The Easter Vigil

The Easter Vigil

The Readings may be found here.

We have come to Saturday evening at last. Those who have joined in the Triduum liturgies will, perhaps, be slightly worn out. The evening Mass of the Lord’s Supper and the Solemn Liturgy of Our Lord’s Passion, certainly as celebrated here at Blackfriars in Oxford, mean spending an impressive amount of time in Church – close to four hours in our case. We have celebrated our Lord’s Passion and death by recalling and entering into the mysteries. Even though we all know the story, when we hear and see the Scriptures acted out for us, we cannot help but be left marked by the injustice and brutality of Jesus’ death: all seems to be lost.

It is against this background that the joy of the resurrection breaks through at the Easter Vigil. We get a second wind despite our tiredness, because we know that death is not the end of the story, but the beginning. The austerity of Good Friday gives way to the light and life that the resurrection brings. What looked like defeat becomes the victory. In the liturgy of the Easter Vigil, we are given a survey of salvation history, where we see the unfolding of God’s plan since the beginning of the world, a plan which reaches its high point in the death and resurrection of Christ.

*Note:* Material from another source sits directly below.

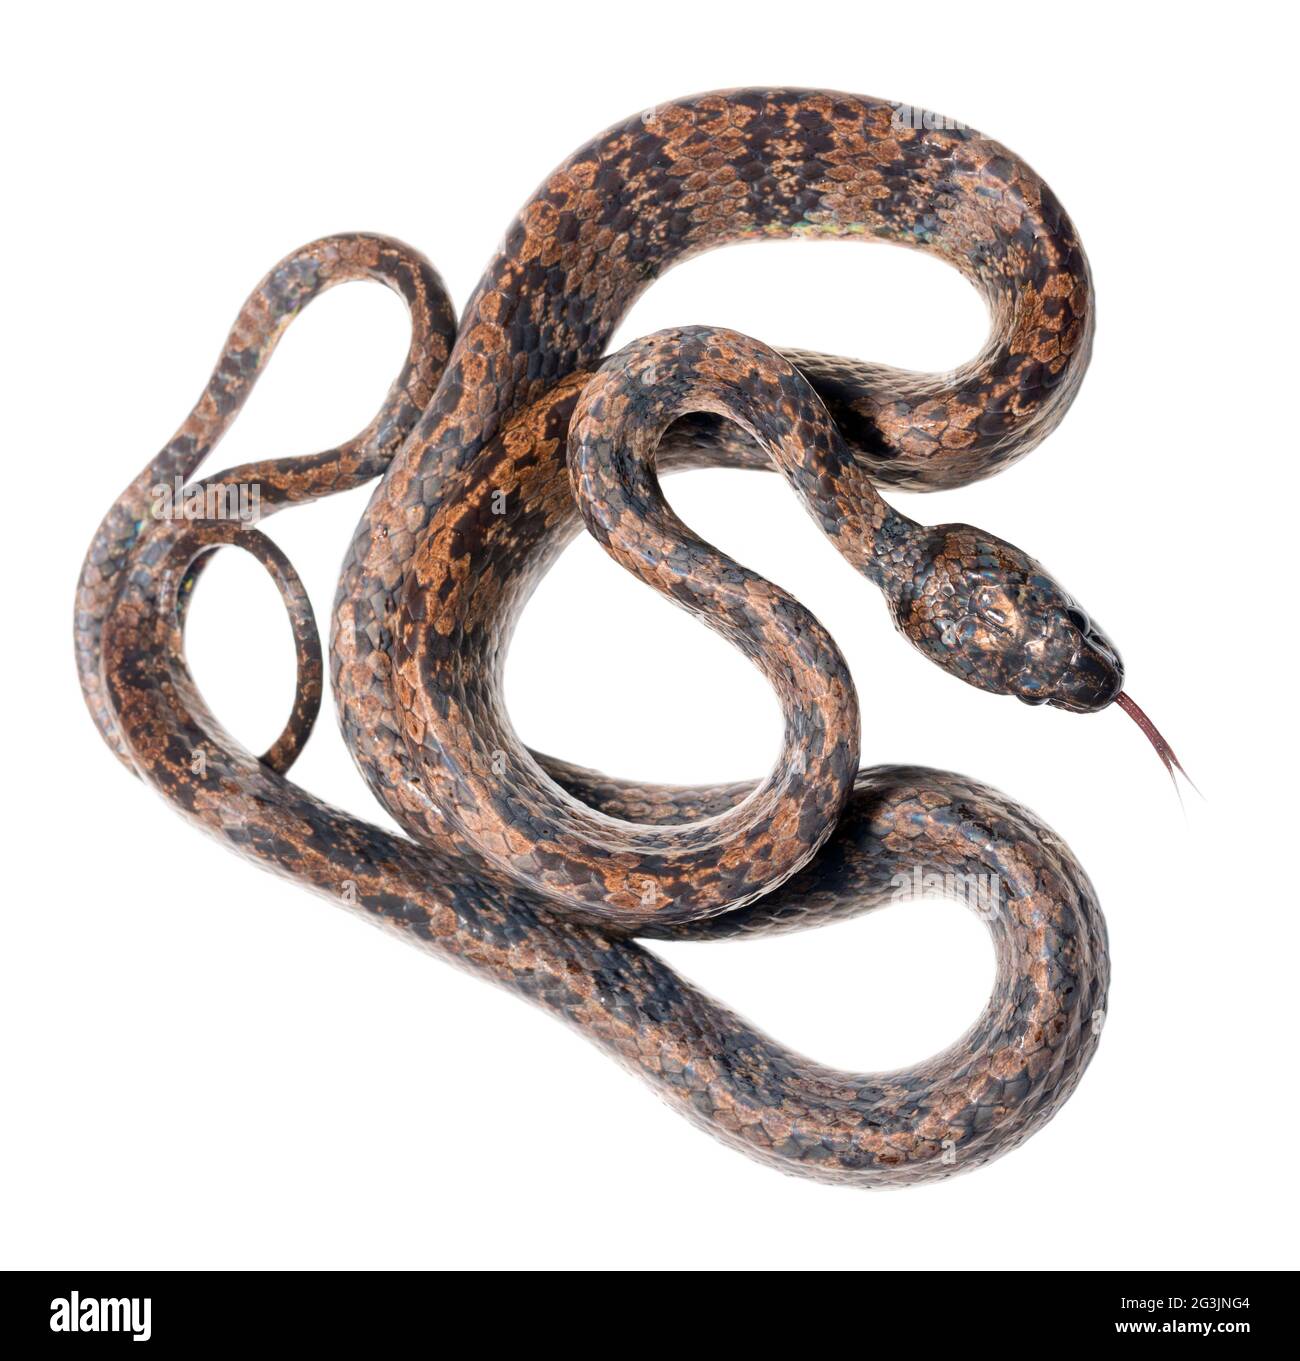 Elegant snail-eater snake (Dipsas elegans) from montane rainforest, Imbabura province, western Ecuador Stock Photo

What is enacted for us in the Triduum in such a careful and deliberate way should not only transform these few days and weeks, but our whole lives. We are shown what great love God has for us, and we are given a pattern for our lives. The death and resurrection of Christ effects an outpouring of grace that helps us to die to our pride, selfishness, anger, and greed, and rise to live lives that are joyful, peaceful, and useful in the service of God and neighbour. The message of the angel is that Christ is risen. Let us live each day as children of the risen Christ, rejoicing in the freedom won for us at so great a price.

Happy Easter!

Robert Gay OP

Fr Robert Gay is Prior of the Priory of the Holy Spirit, Oxford, and he is also a lector in moral theology at Blackfriars Hall, Oxford.